• _EXERCISE AIM_
All lines from the one containing "Birthplace by vidar.totland" to the end of the listing below should be output exactly; omit the pictures.

• _DATA_
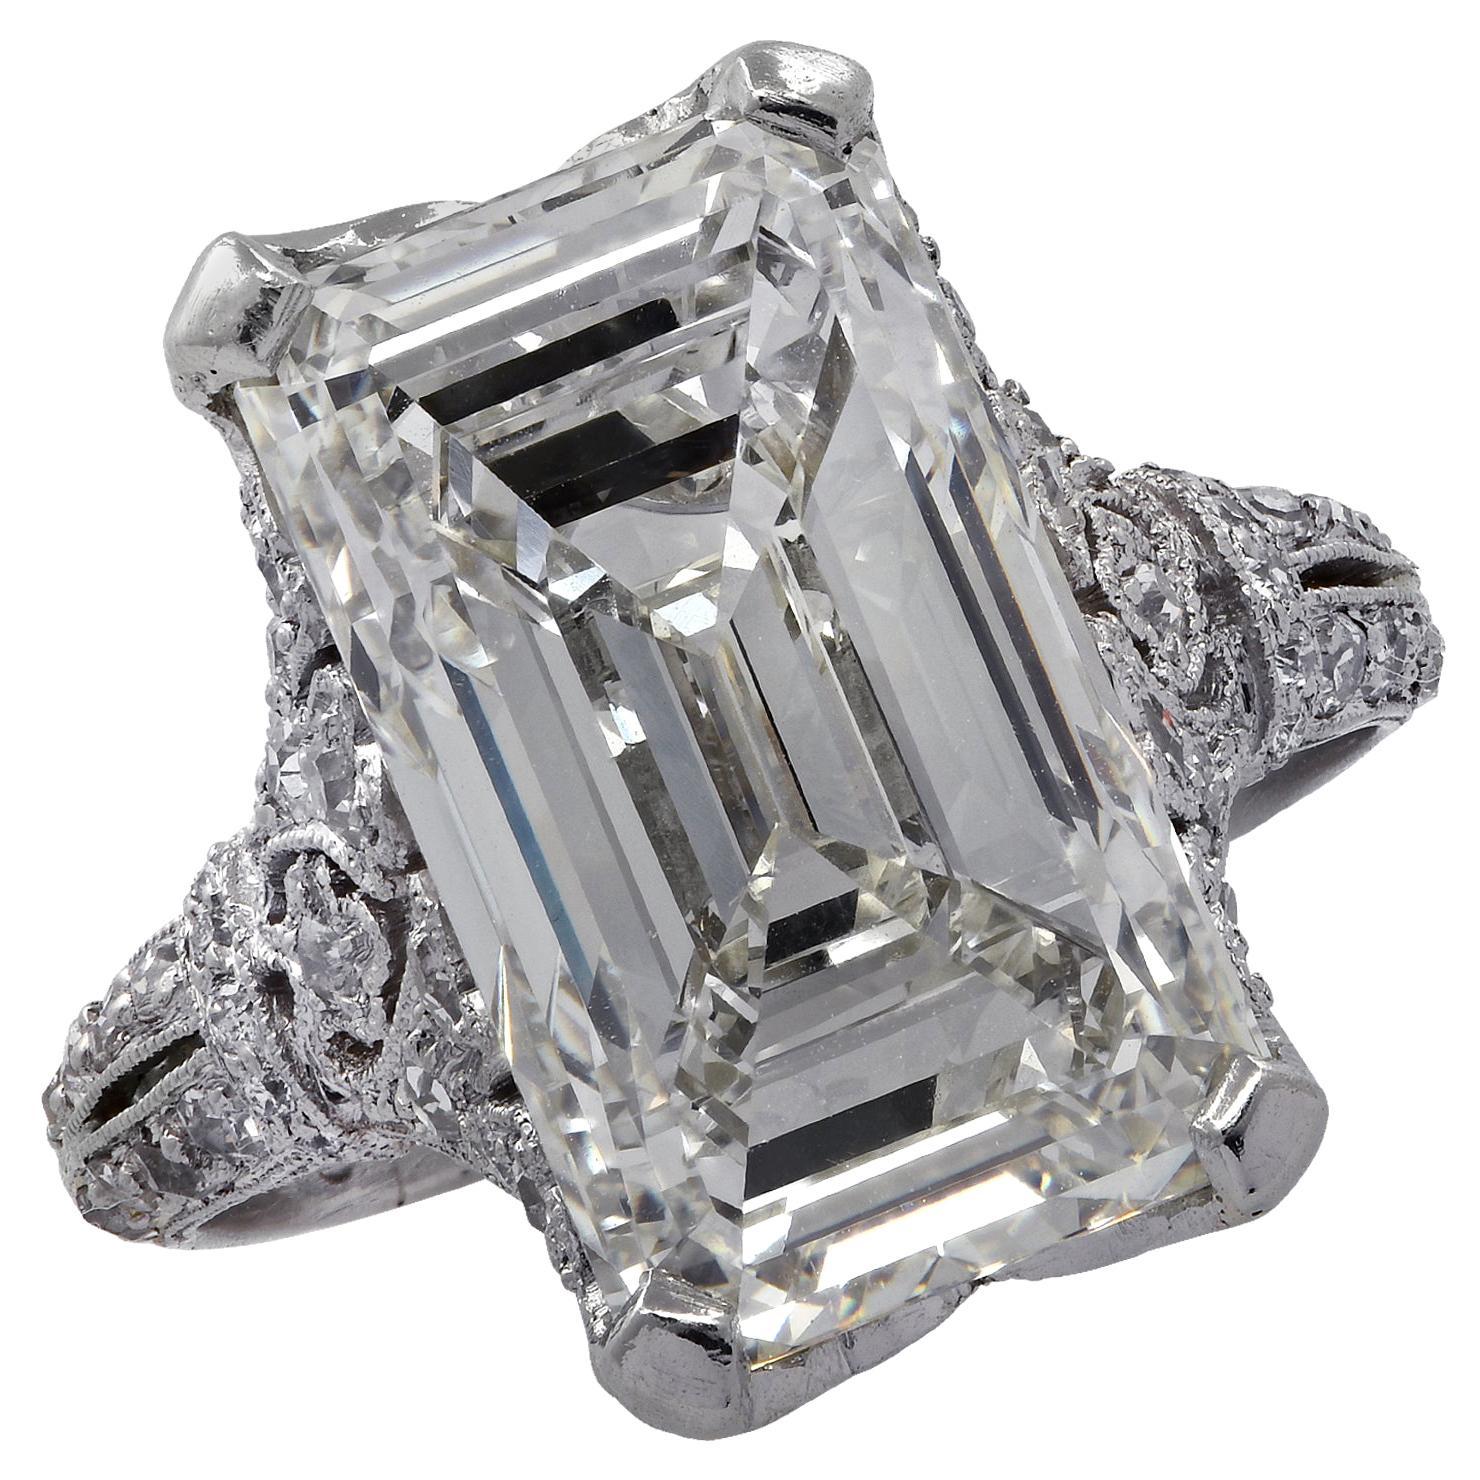 6c1400a12 Vivid Diamonds & Jewelry - Miami, FL 33131 - 1stdibs
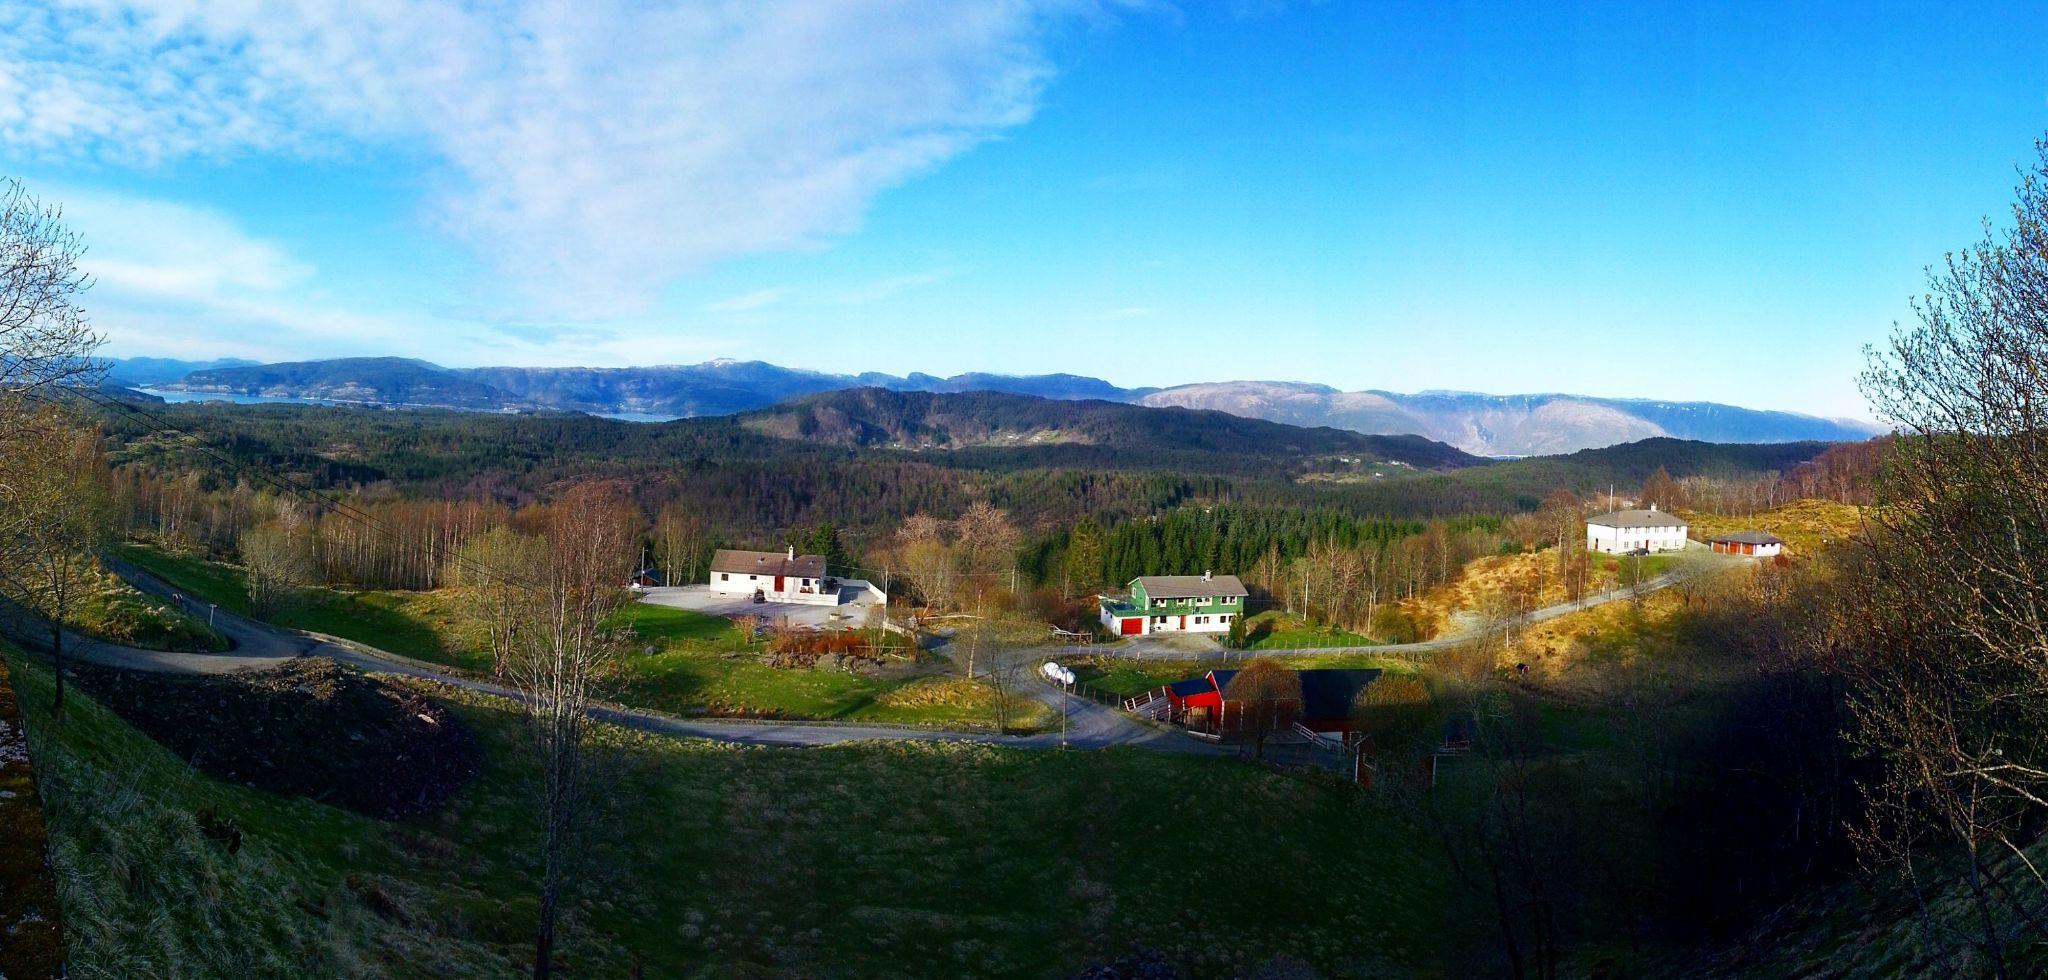 Birthplace by vidar.totland
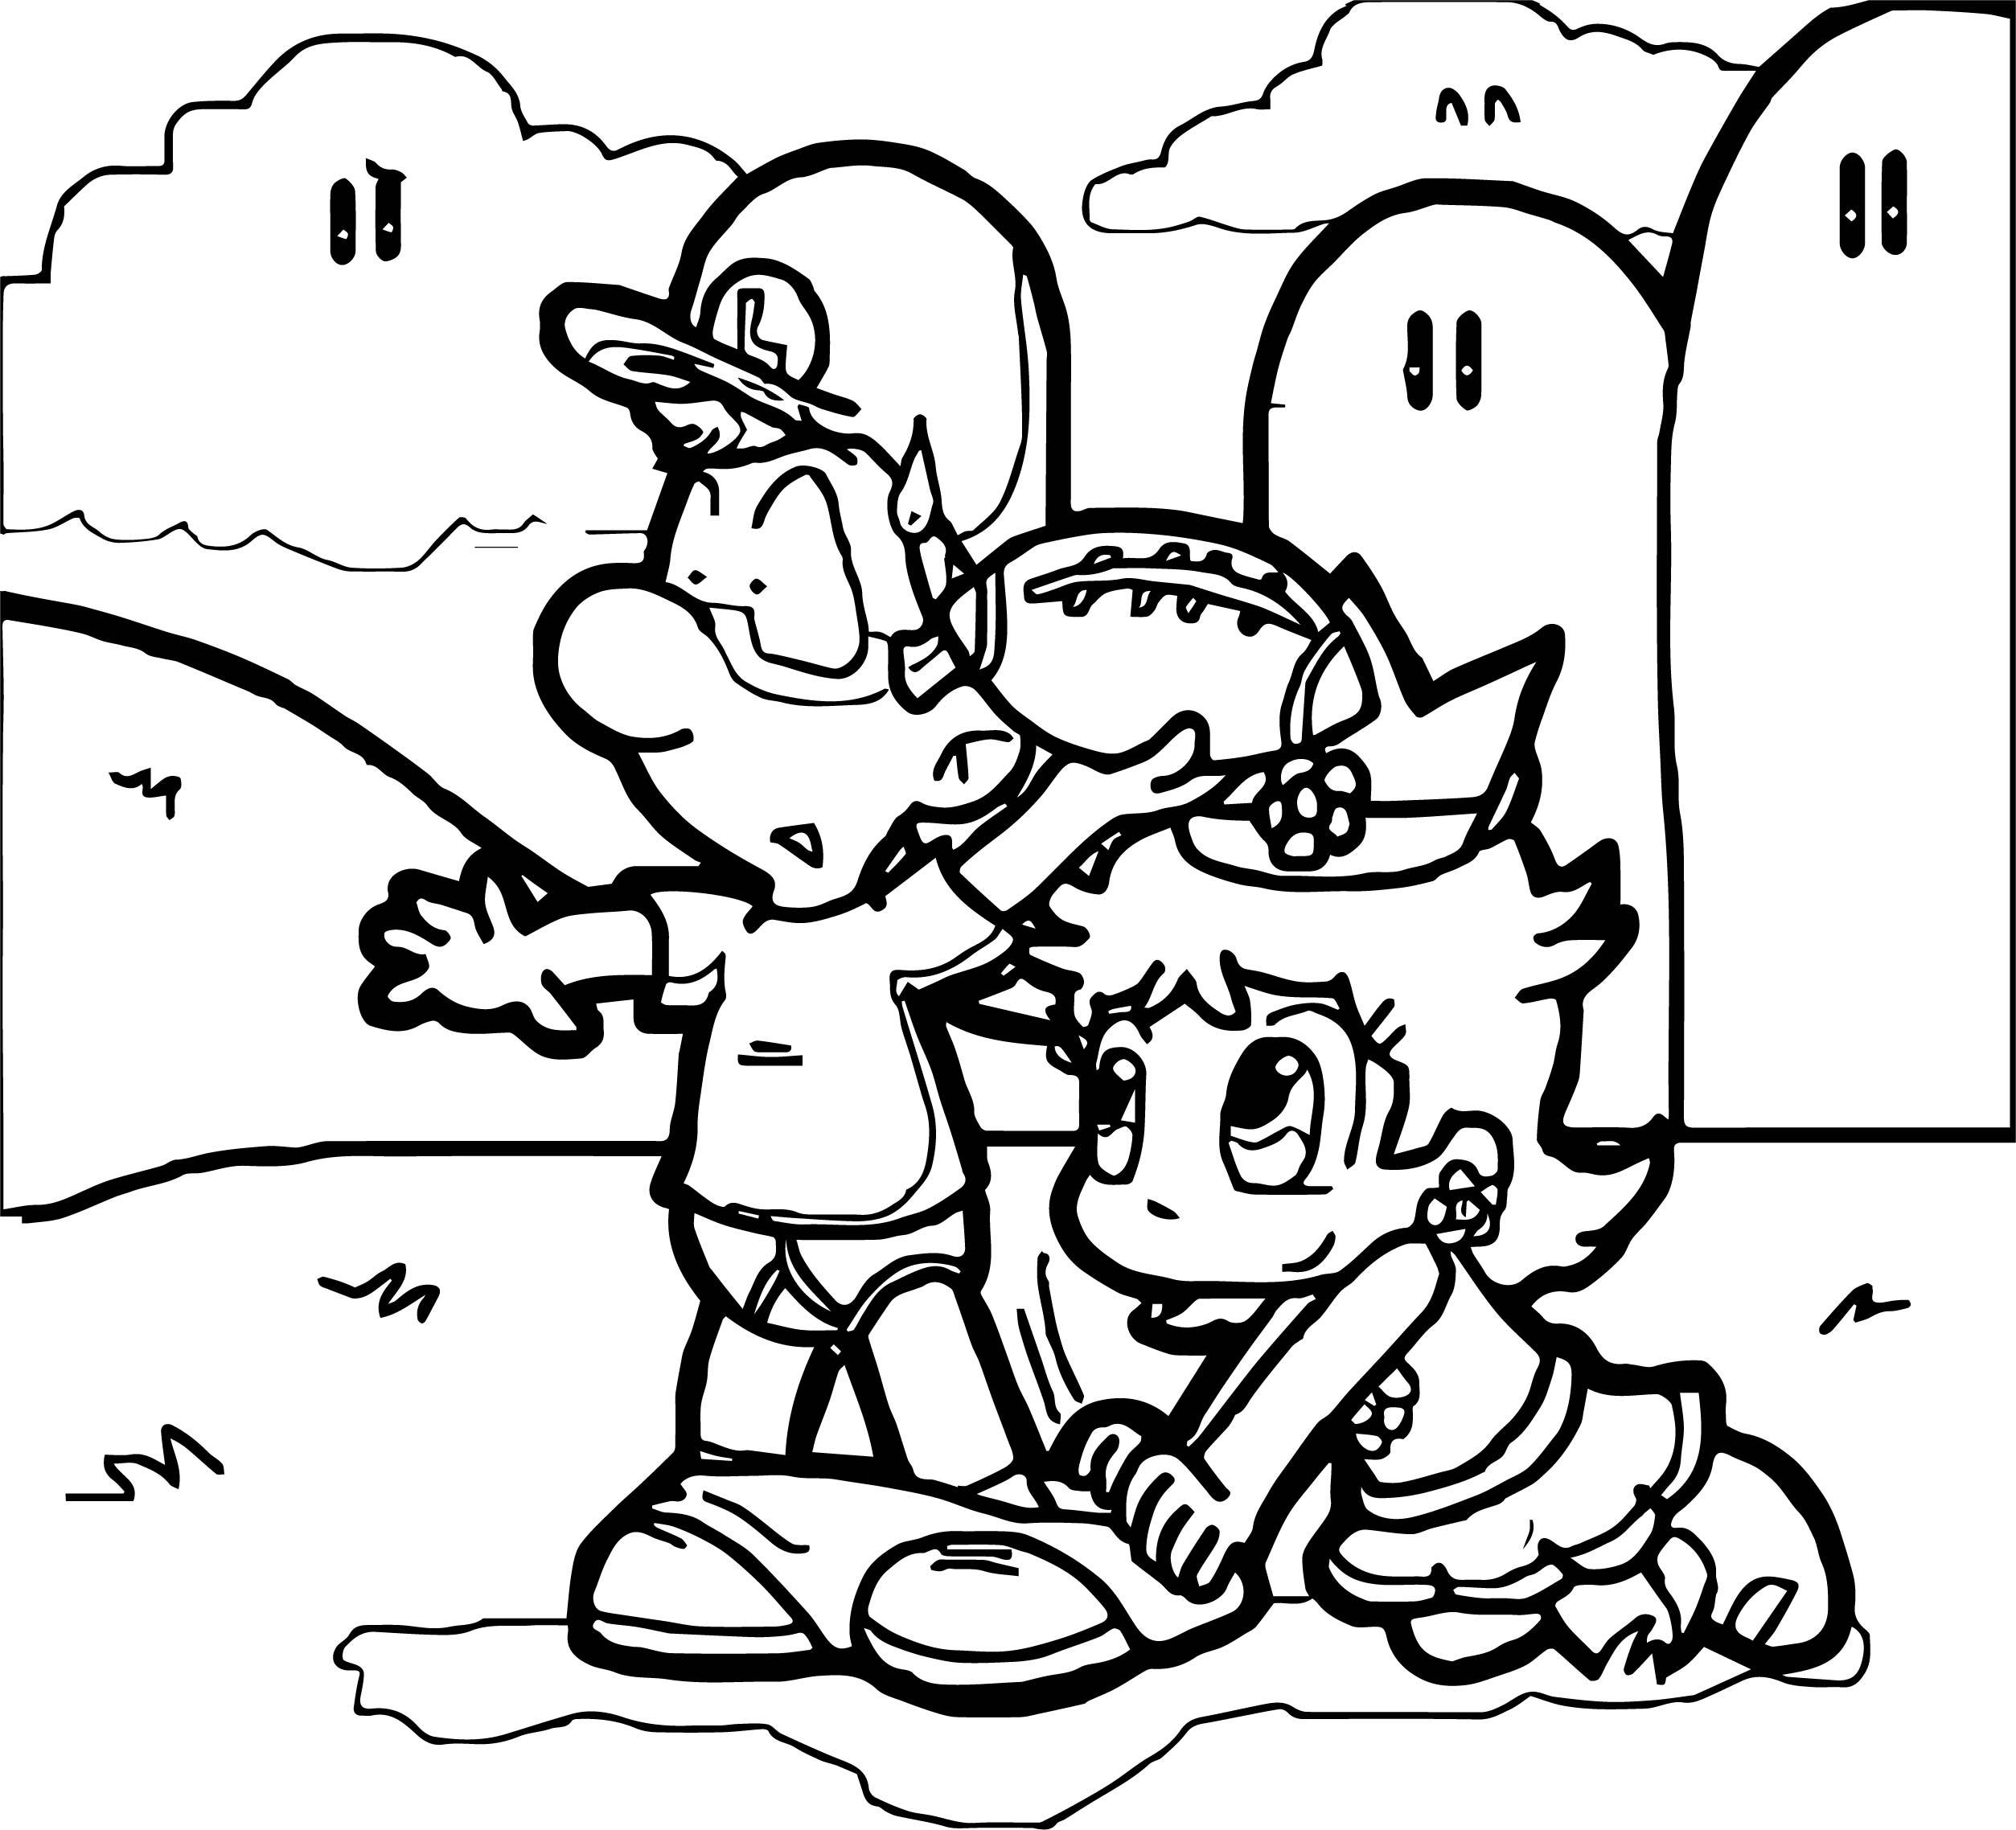 Luigi Daisy Joke Coloring Page

• _WRITTEN ANSWER_
 Birthplace by vidar.totland
 Luigi Daisy Joke Coloring Page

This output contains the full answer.